The order has also rightly noted that short notes submitted by the counsel for the petitioner are illustrative and not exhaustive to address the LGBTQIA+ community. Some of the terms in the list also seem to be not practically used by the LGBTQIA+ community in our daily spoken or written communication.

For Example: Nangai (நங்கை) to refer to lesbian woman and Nambi (நம்பி) to refer gay men are not used in the day to day life, or in any known published literature or communication of the larger LGBTQIA+ community. The terms  Nangai (நங்கை) and Nambi (நம்பி)  also limits the understanding and expression of sexual orientation. In this case a transgender lesbian woman will be திருநங்கை நங்கை (thirunangai nangai)  and transgender gay man will be திருநம்பி நம்பி (thirunambi nambi). Nangai (நங்கை) is also a commonly used Tamil term to refer to a woman, and in certain Tamil regions the term Nangai (நங்கை) also used to address sister-in-law. Pansexuality is mentioned as பலபாலீர்ப்பு (pala paalliirpu) which means “attraction towards many genders”, whereas the correct term in Tamil is அனைத்துப்பாலீர்ப்பு(Anaitthu pal iirppu).

The order by Honourable Justice Anand Venkatesan also directs the Government of Tamil Nadu to standardise “expressions” related to the LGBTQIA+ community.
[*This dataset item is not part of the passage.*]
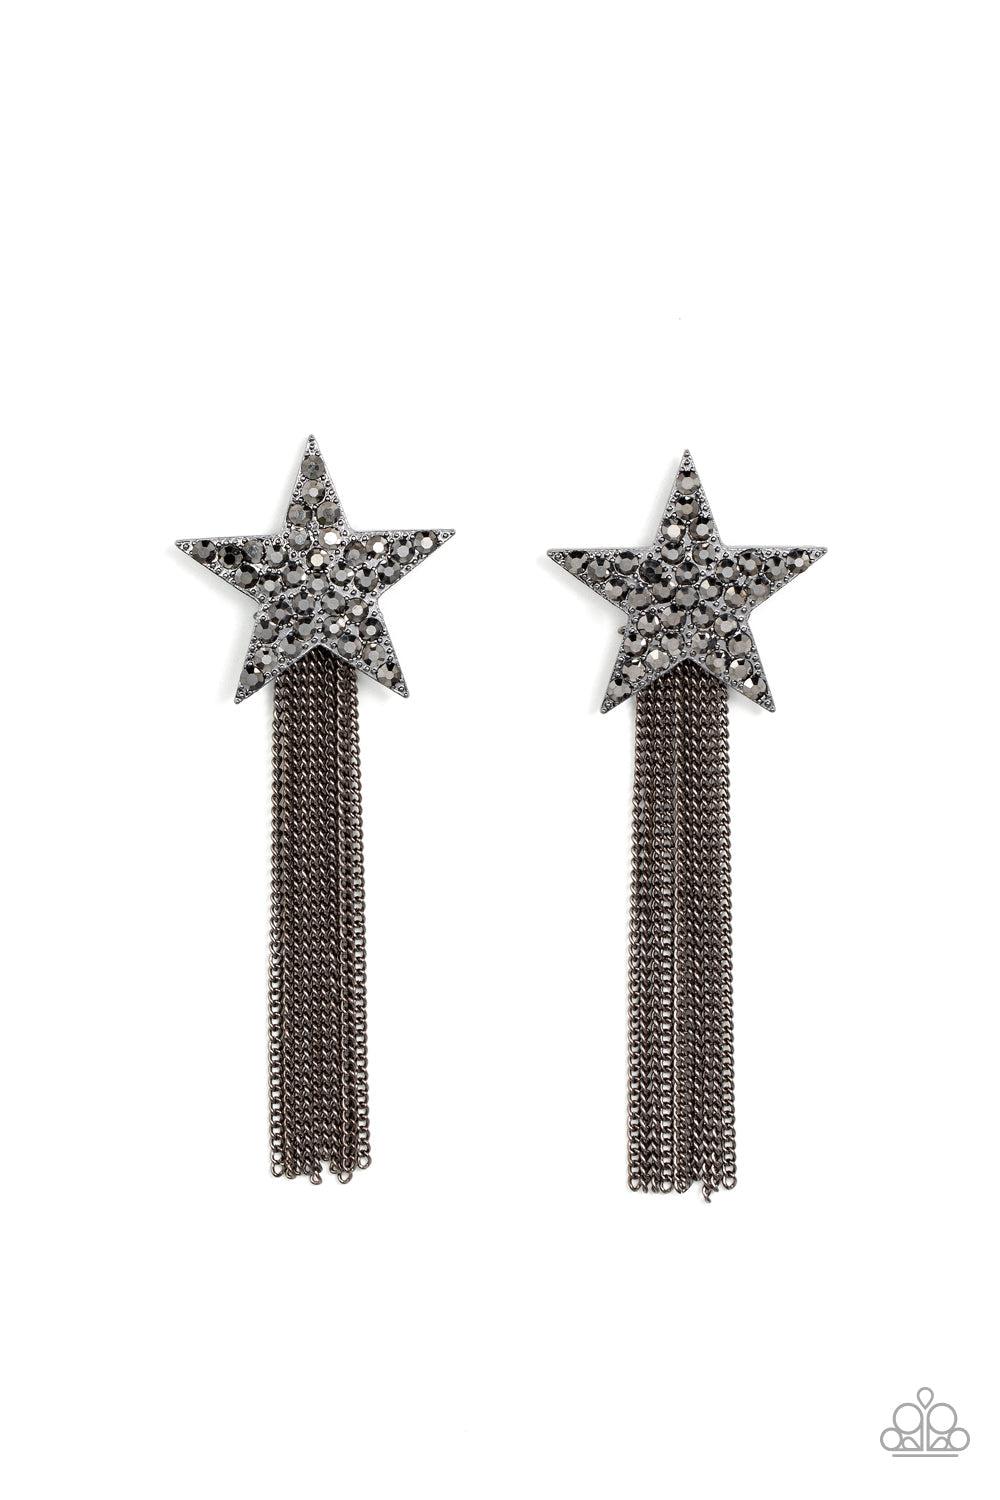 Superstar Solo Black & Hematite Rhinestone Earrings - Paparazzi Accessories- lightbox - CarasShop.com - $5 Jewelry by Cara Jewels

While we understand the solicitude behind this direction, we believe that expressions such as “coming out” or a “person expressing themselves” to their family or friends or others, are part of a person’s personal communication aspect. “Standardising” such personal expressions runs the risk of either the state formulating the “correct” way for LGBTQIA+ persons to express themselves, or excluding other positive ways the community might express themselves.

While the Honourable High Court’s direction is for media reporting, it would be best if the Government of Tamil Nadu has a larger community consultation and panel to decide on how to proceed with this direction.The Government can also encourage existing community efforts related to terminologies on gender and sexuality, and media style guides, by assisting or providing technical and financial support to proceed with the research work. They could also encourage universities to initiate research on language, gender and sexuality, which would be a great effort for the Tamil language and the global Tamil speaking LGBTQIA+ community. 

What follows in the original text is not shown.